Signor cameriere

domenica 21 agosto 2011


Ho prestato attenzione al suo modo di trascrivere le ordinazioni in una sera incredibilmente calda. Noi sudavamo restando fermi mentre lui, giovane e calmo, vestiva pantaloni neri e camicia, gilet e farfallino senza avere il viso lucido di sudore. Si distaccava dall’ampio territorio di tavoli e assetati e, sopra  il tempo e sopra il lago, indossava il silenzio di volto e voce; sembrava controllare naturalmente anche i propri capelli, adagiati in parte, ed era come se il solo e semplice accorgersi della persona che era avesse potuto elevare anche me oltre le teste e gli occhi dei presenti. Mi era impossibile non chiedermi che cosa pensasse mentre passava per i tavoli, attingendo a una piccola parte delle sue forze unicamente nel caso in cui fosse costretto a raccogliere le ordinazioni. Sicuramente rifletteva ogni volta in cui capitava tra le sedie di un animato gruppetto chiacchieroso ed i presenti ammutolivano al suo arrivo. Ma magari l’esperienza ha contribuito a donargli la fierezza che lo contraddistingue, le chiacchiere allora non lo tangono.
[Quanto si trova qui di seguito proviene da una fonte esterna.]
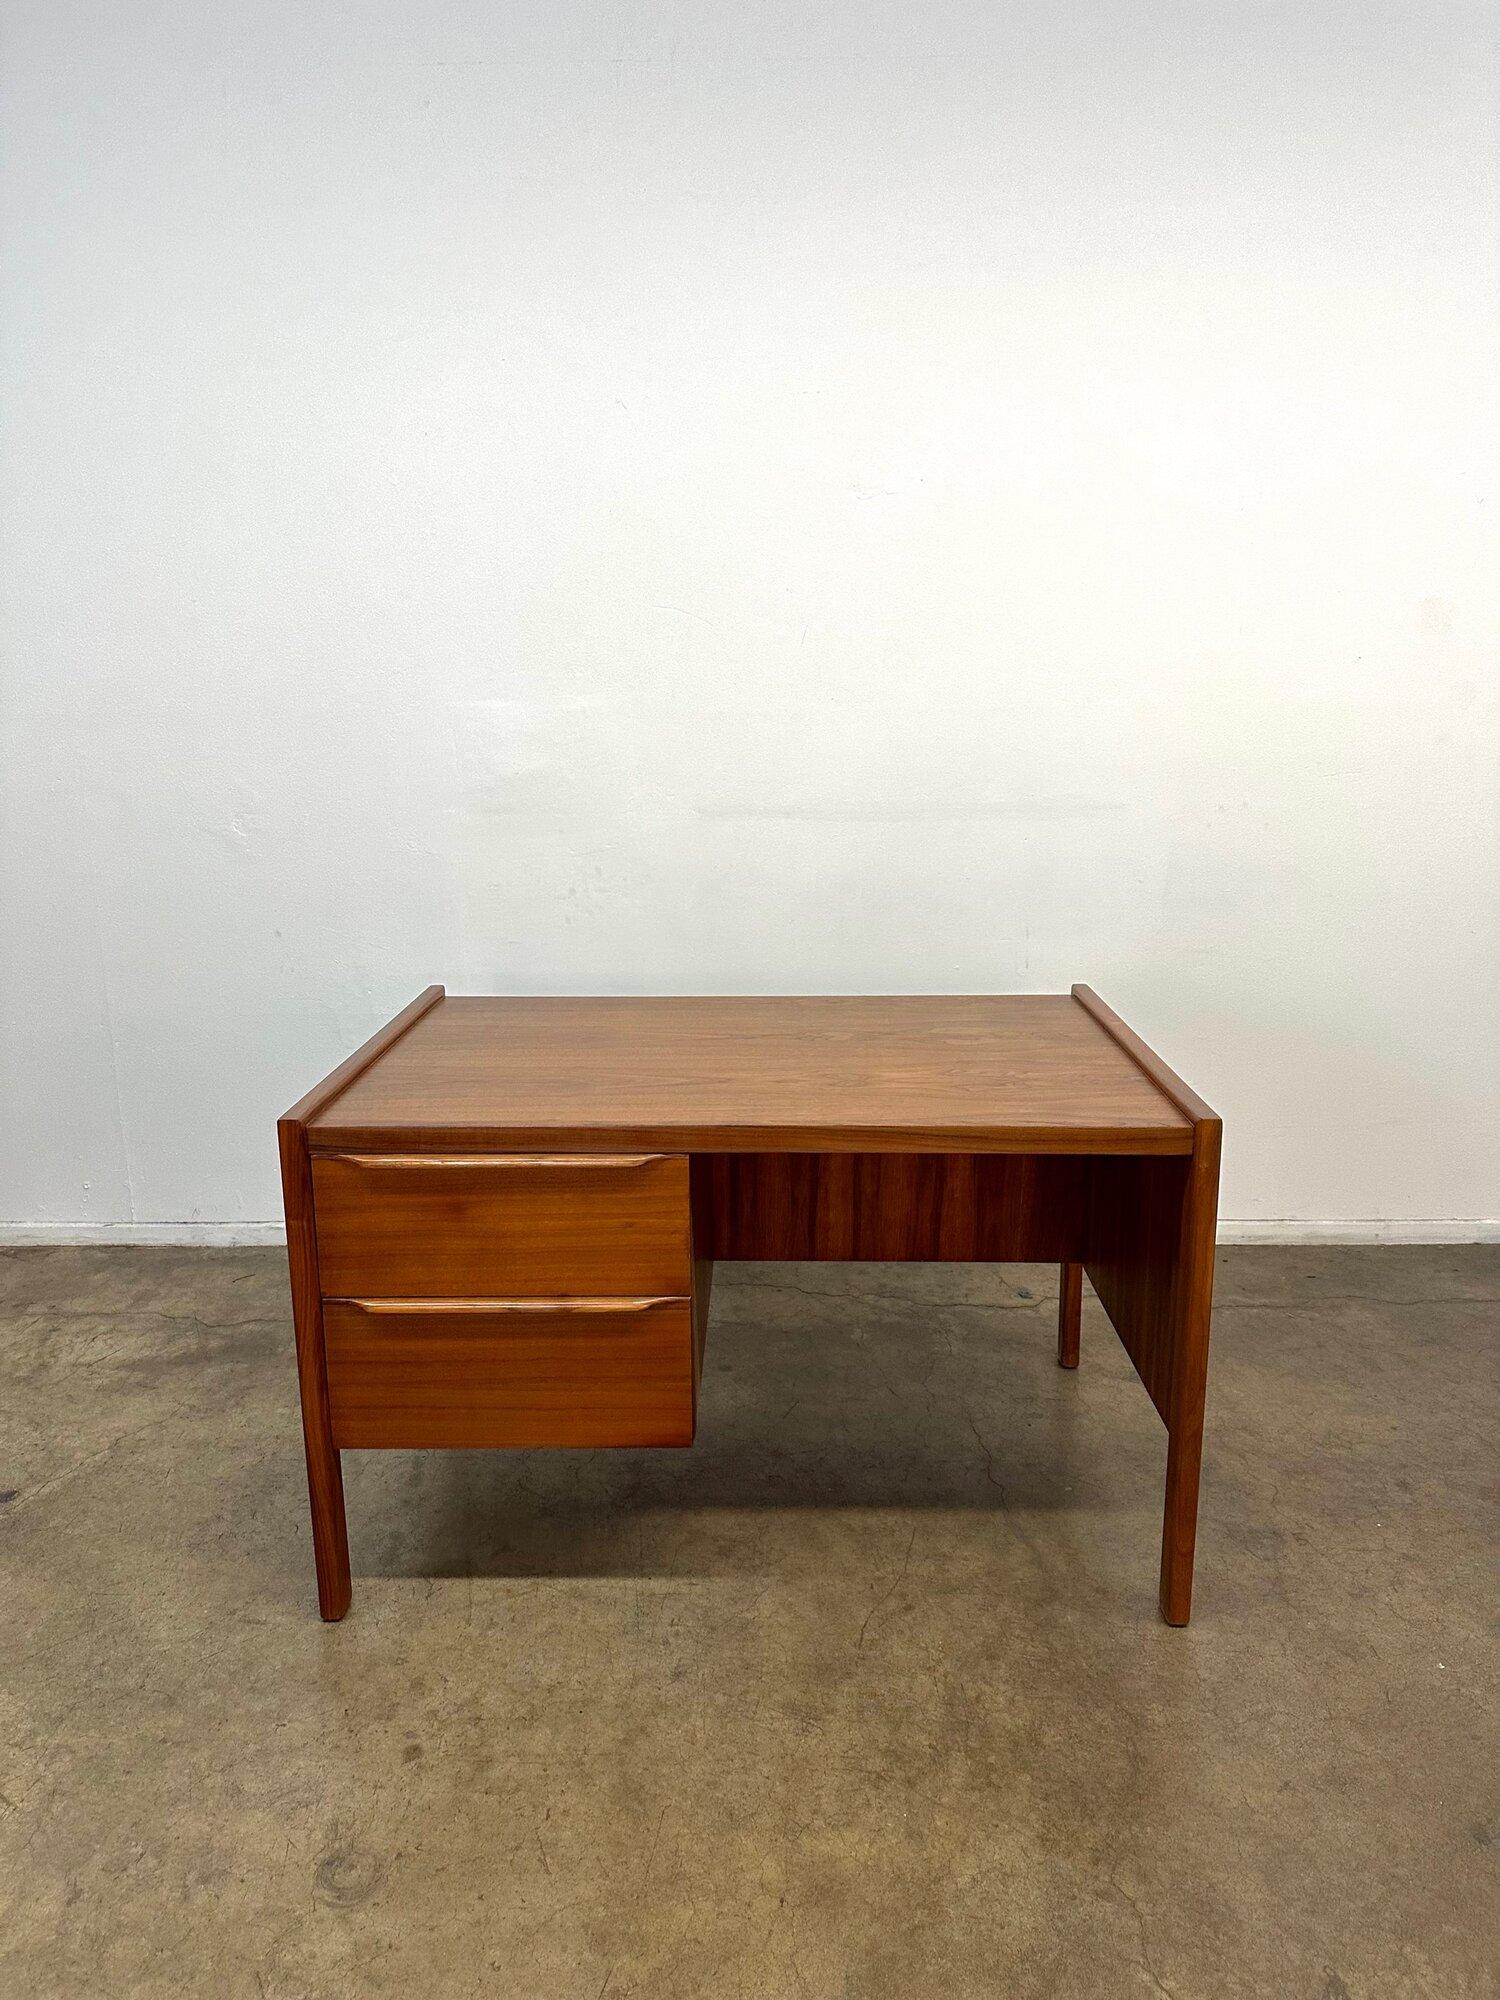 Dimensions: W48 D31.5 H29

Walnut executive desk in fully restored condition. Item is structurally sound with no major areas of wear. The desk is finished on all sides.

            Improvvisamente l’ho immaginato protagonista di leggende più o meno remote, più o meno credibili, sull’universo dei camerieri: figure altere in costante servizio/conflitto verso la massa di clienti variegata e tempestosa, uomini comuni dall’inenarrabile bontà sommersa e inesplorata, giovani sognatori in fibrillante attesa di novità, oppure persone opache legate dalla mera frenesia di un lavoro duro e difficile; portatori di una scelta non deliberata o amanti segreti di quel certo osservare che regala soddisfazioni intime e quotidiane consolazioni.
            Camerieri che leggete e che pensate a chi vi si affaccia ogni giorno, sappiate d’essere altrettanto motivo di mistero e stima per coloro che vi aspettano.